AutoAlbument introduction and core concepts

What is AutoAlbument

AutoAlbument is a tool that automatically searches for the best augmentation policies for your data.

Under the hood, it uses the Faster AutoAugment algorithm. Briefly speaking, the idea is to use a GAN-like architecture in which Generator applies augmentation to some input images, and Discriminator must determine whether an image was or wasn't augmented. This process helps to find augmentation policies that will produce images similar to the original images.

How to use AutoAlbument

To use AutoAlbument, you need to define two things: a PyTorch Dataset for your data and configuration parameters for AutoAlbument. You can read the detailed instruction in the How to use AutoAlbument article.

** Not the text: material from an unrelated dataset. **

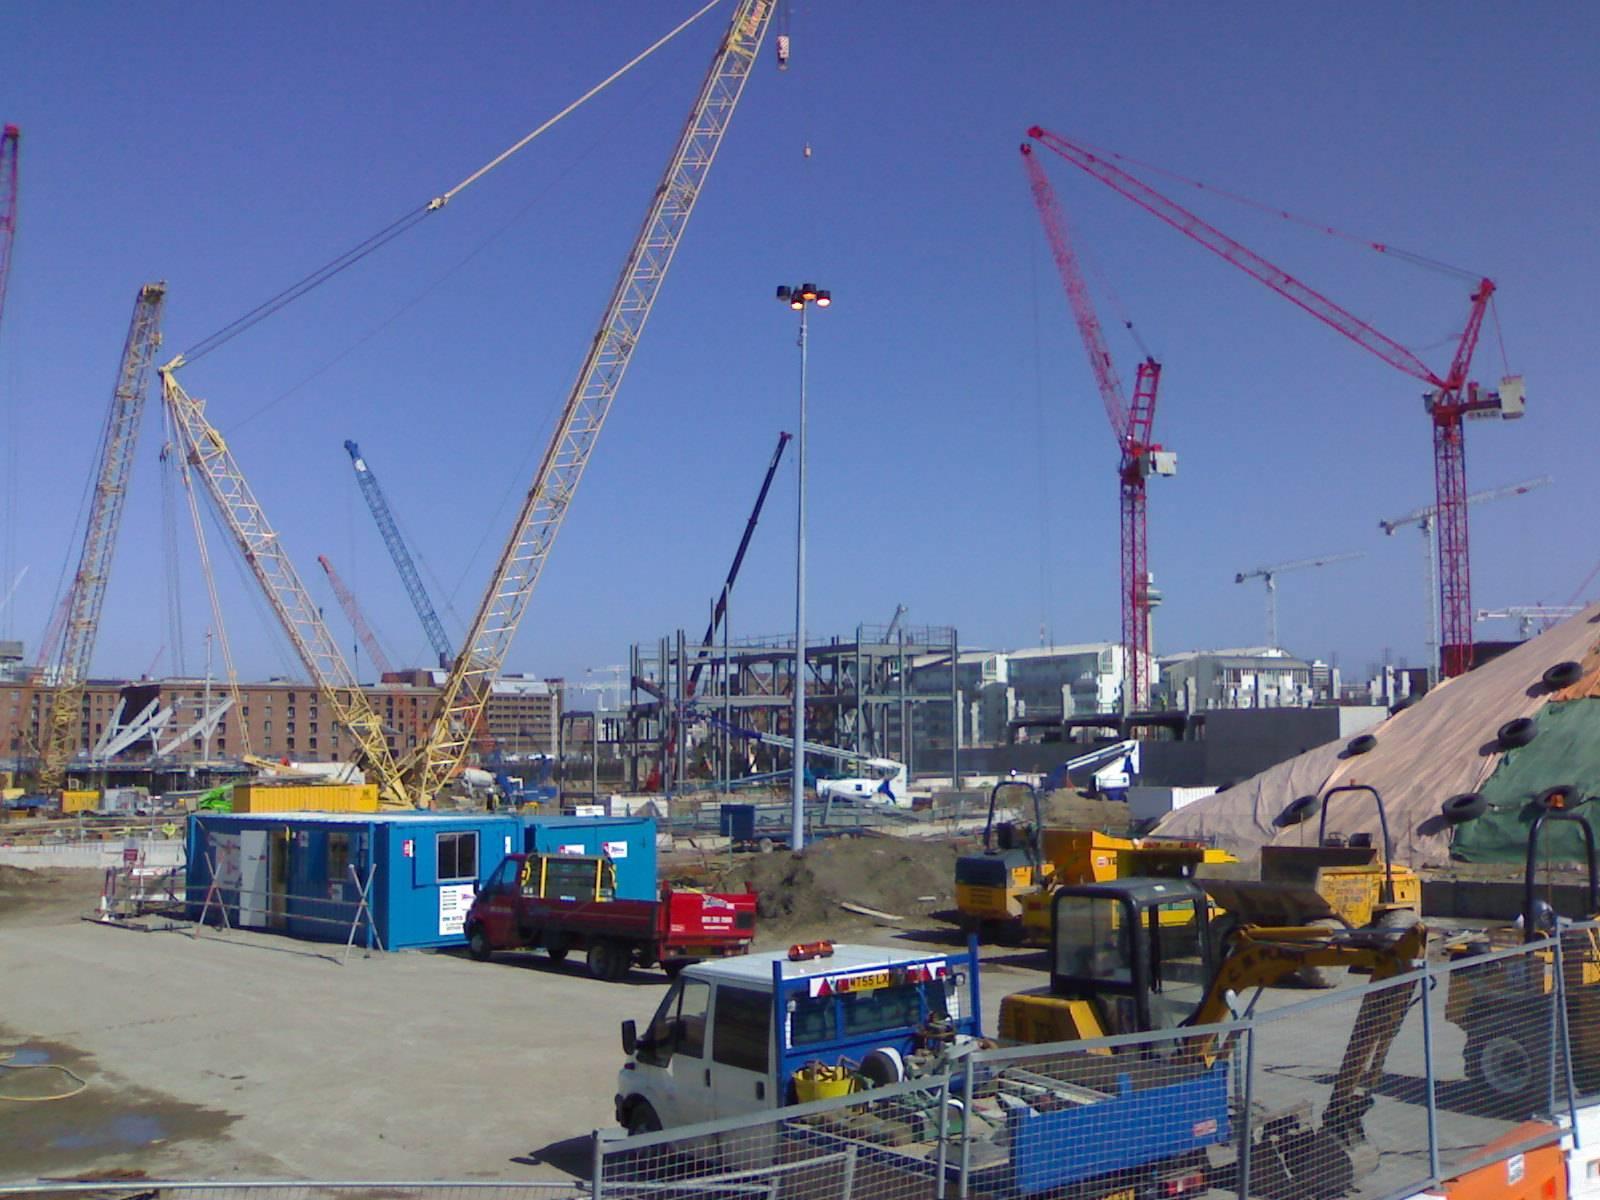 Kings Dock Arena, Liverpool

Internally AutoAlbument uses PyTorch Lightning for training a GAN and Hydra for handling configuration parameters.

Here are a few things about AutoAlbument and Hydra.


The main internal configuration file is located at autoalbument/cli/conf/config.yaml

Here is its content:

 - _version
 - task
 - policy_model: default
 - classification_model: default
 - semantic_segmentation_model: default
 - data: default
 - searcher: default
 - trainer: default
 - optim: default
 - callbacks: default
 - logger: default
 - hydra: default
 - seed
 - search

Basically, it includes a bunch of config files with default values. Those config files are split into sets of closely related parameters such as model parameters or optimizer parameters. All default config files are located in their respective directories inside autoalbument/cli/conf

The main config file also includes the search.yaml file, which you will use for overriding default parameters for your specific dataset and task (you can read more about creating the search.yaml file with autoalbument-create in How to use AutoAlbument)

To allow great flexibility, AutoAlbument relies heavily on the instantiate function from Hydra. This function allows to define a path to a Python class in a YAML config (using the _target_ parameter) along with arguments to that class, and Hydra will create an instance of this class with the provided arguments.

As a practice example, if a config contains a definition like this:

_target_: autoalbument.faster_autoaugment.models.ClassificationModel
num_classes: 10
architecture: resnet18
pretrained: False

AutoAlbument will translate it approximately to the following call:

from autoalbument.faster_autoaugment.models import ClassificationModel

model = ClassificationModel(num_classes=10, architecture='resnet18', pretrained=False)

By relying on this feature, AutoAlbument allows customizing its behavior without changing the library's internal code.

PyTorch Lightning

AutoAlbument relies on PyTorch Lightning to train a GAN. In AutoAlbument configs, you can configure PyTorch Lightning by passing the appropriate arguments to Trainer through the trainer config or defining a list of Callbacks through the callbacks config.